Go to the line holding "2019 Jazz Fest Picture-59" in the data below and repeat it exactly, then each line after it up to and including the one holding "JPCO CLASSIC &". Omit pictures.

═══ RECORDS PROVIDED

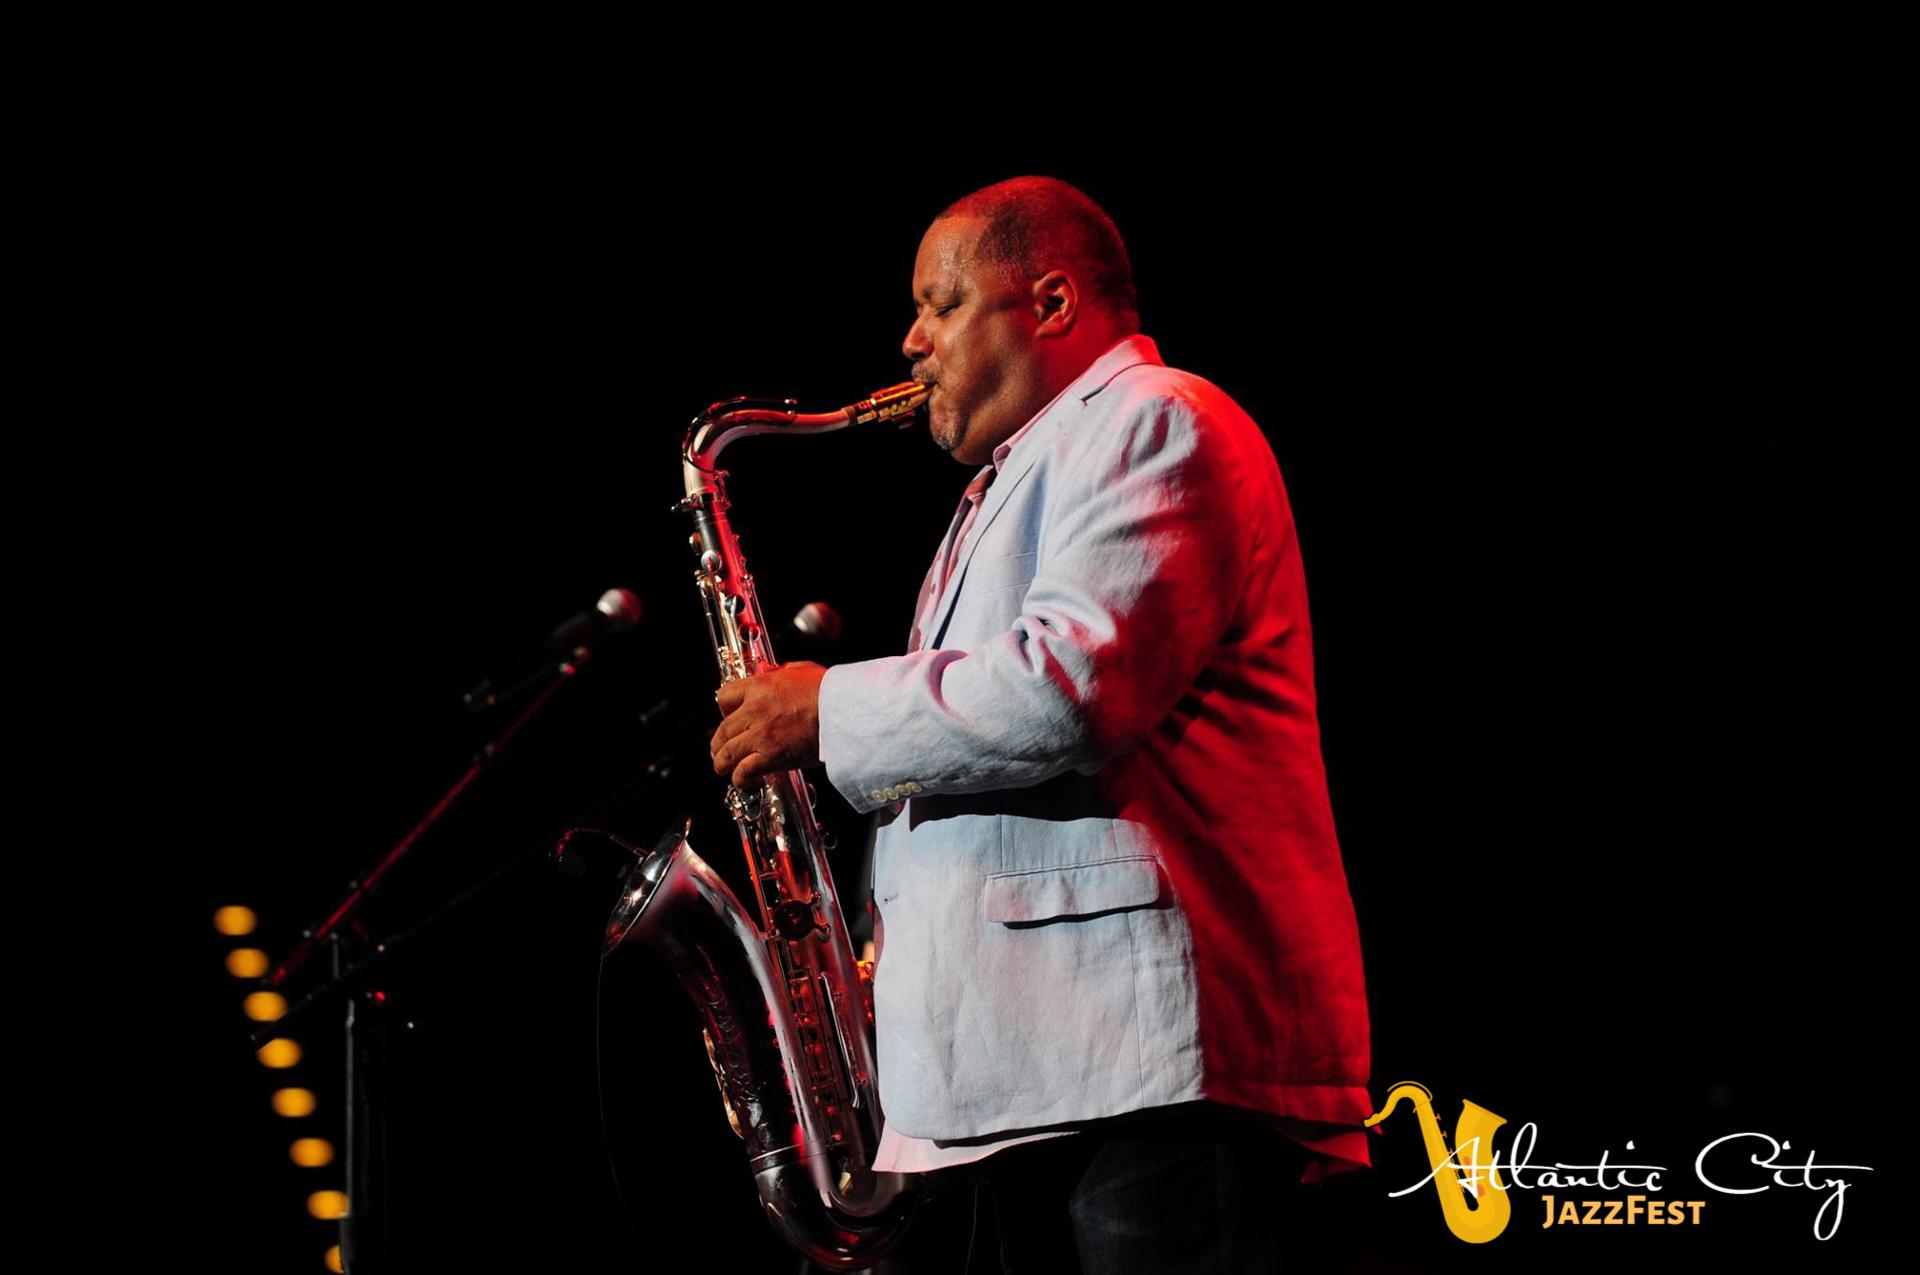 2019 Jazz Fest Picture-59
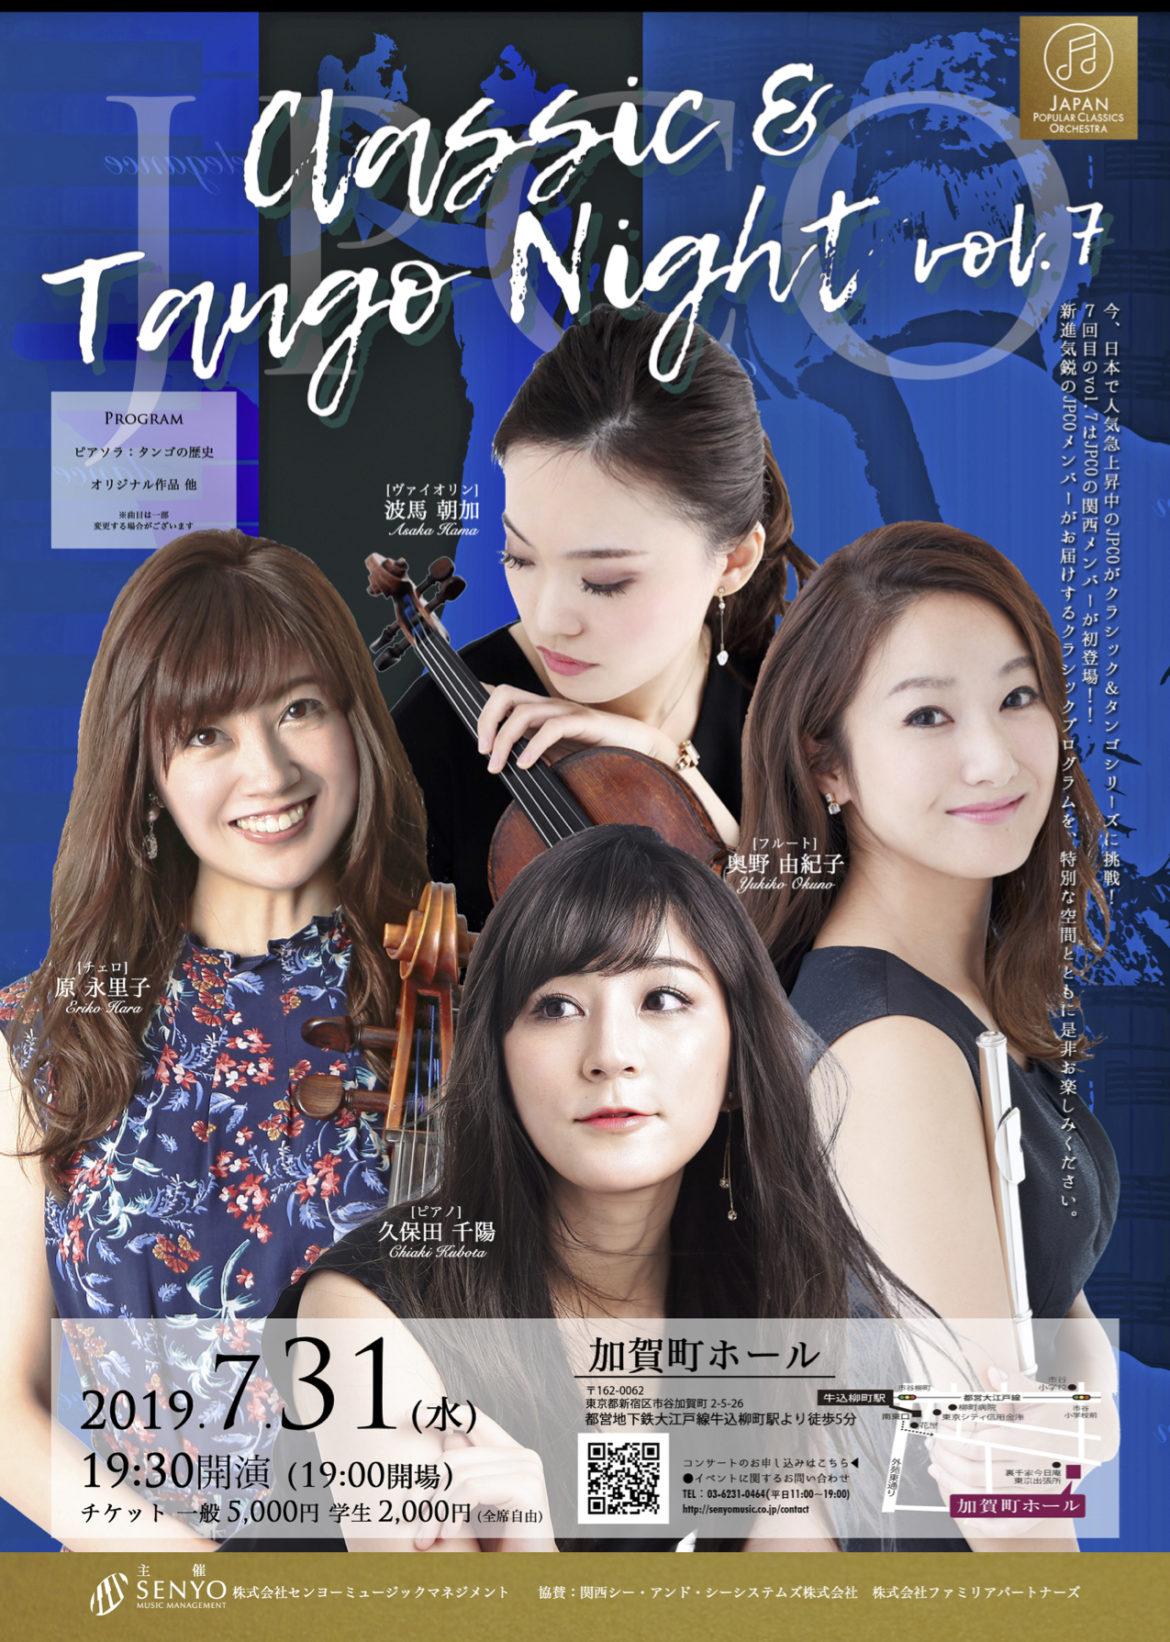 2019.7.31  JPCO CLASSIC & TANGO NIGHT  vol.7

══════
═══ RECORDS PROVIDED

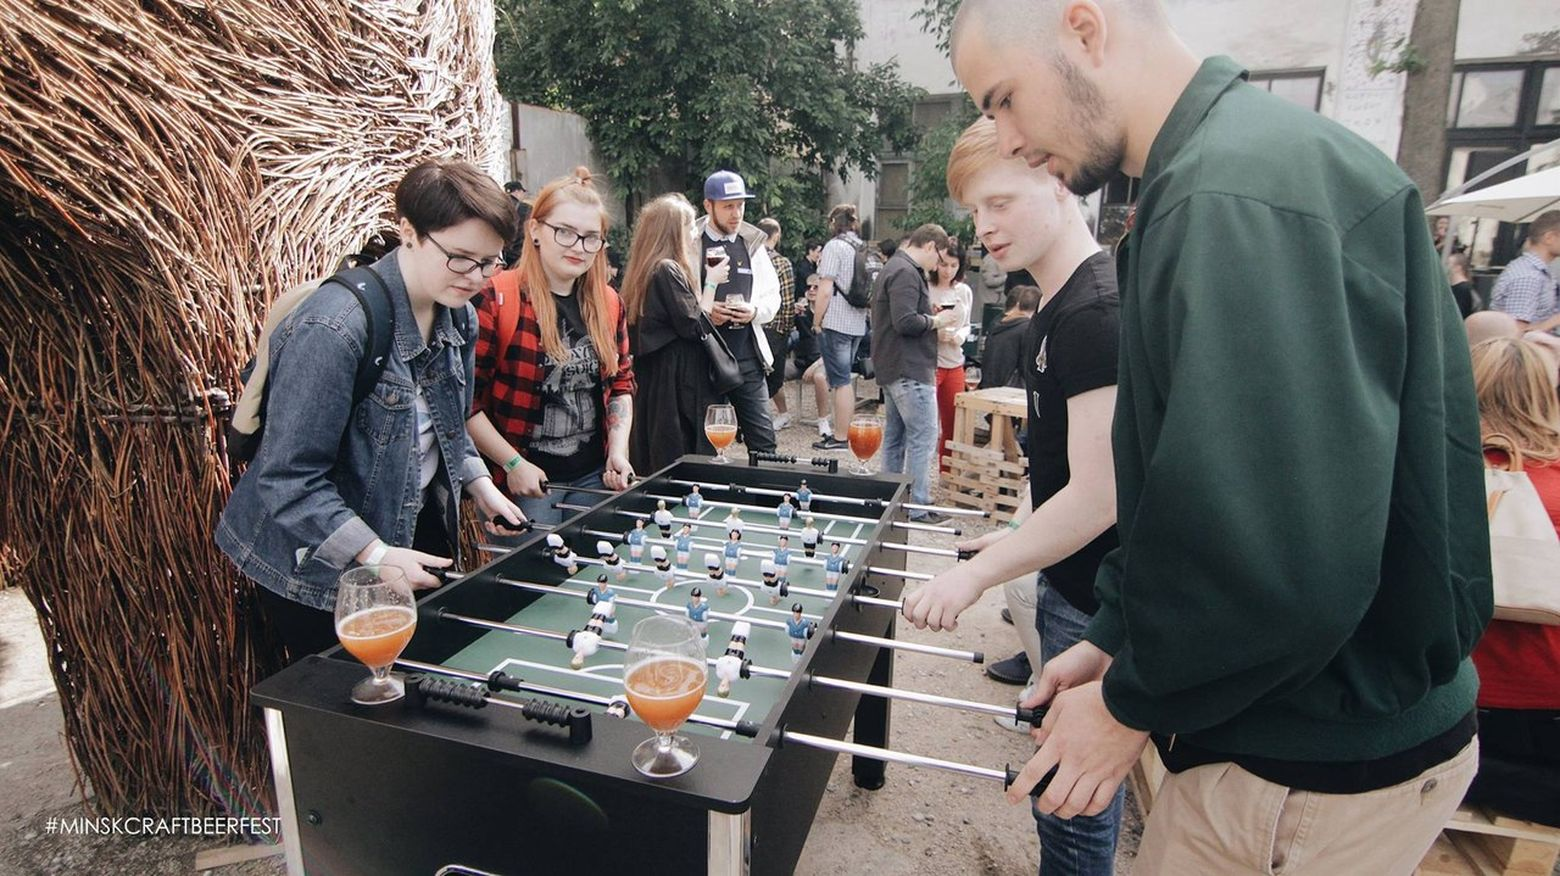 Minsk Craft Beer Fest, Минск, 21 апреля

══════
═══ RECORDS PROVIDED

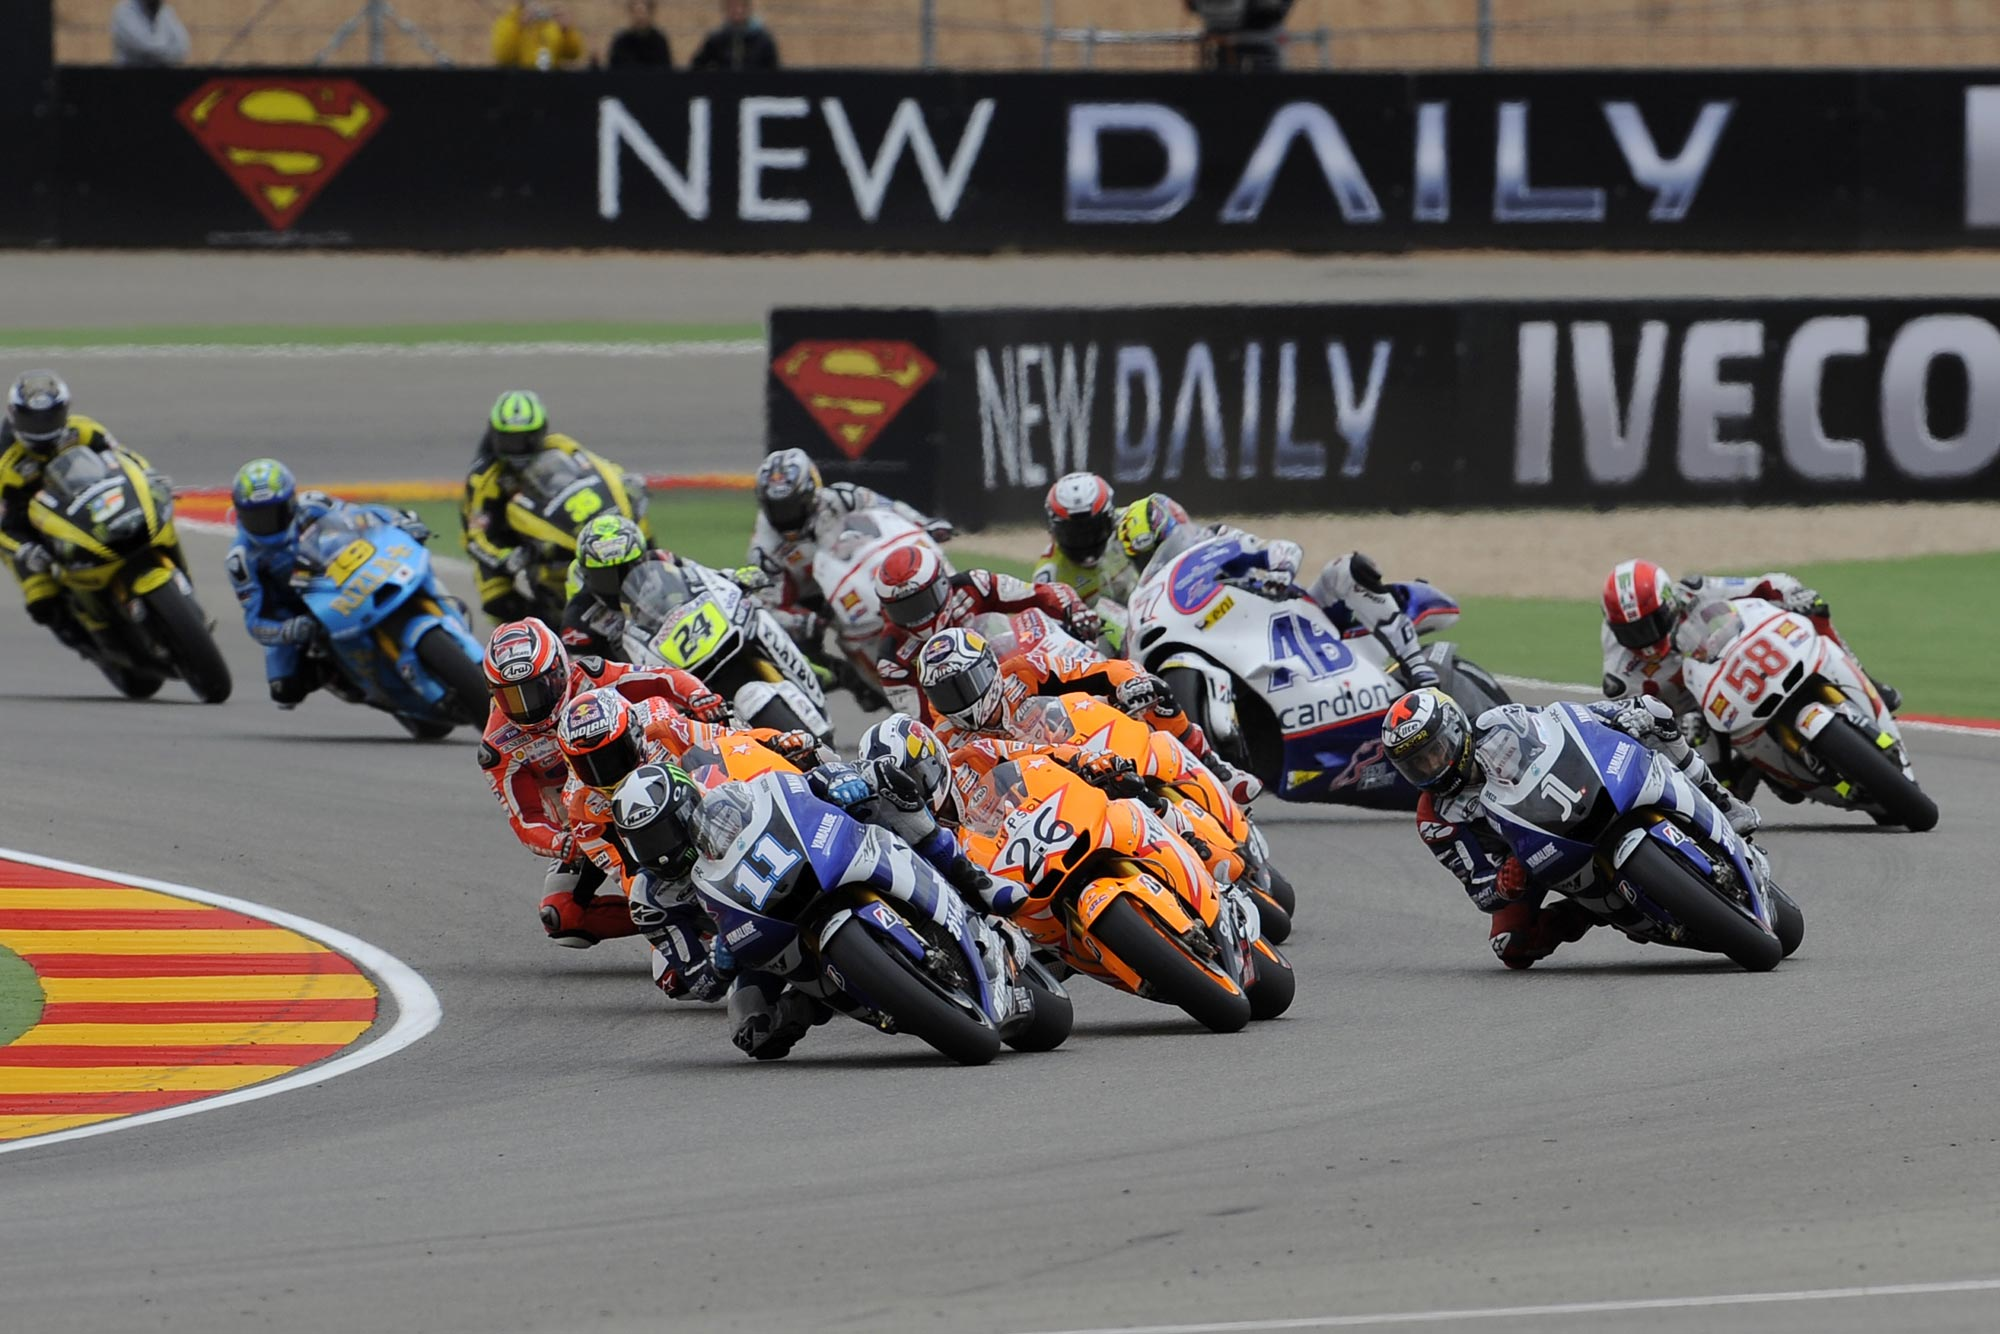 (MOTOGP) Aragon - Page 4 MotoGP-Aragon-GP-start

══════

▶ [RESULT OF THE EXERCISE]:
 2019 Jazz Fest Picture-59
 2019.7.31  JPCO CLASSIC & TANGO NIGHT  vol.7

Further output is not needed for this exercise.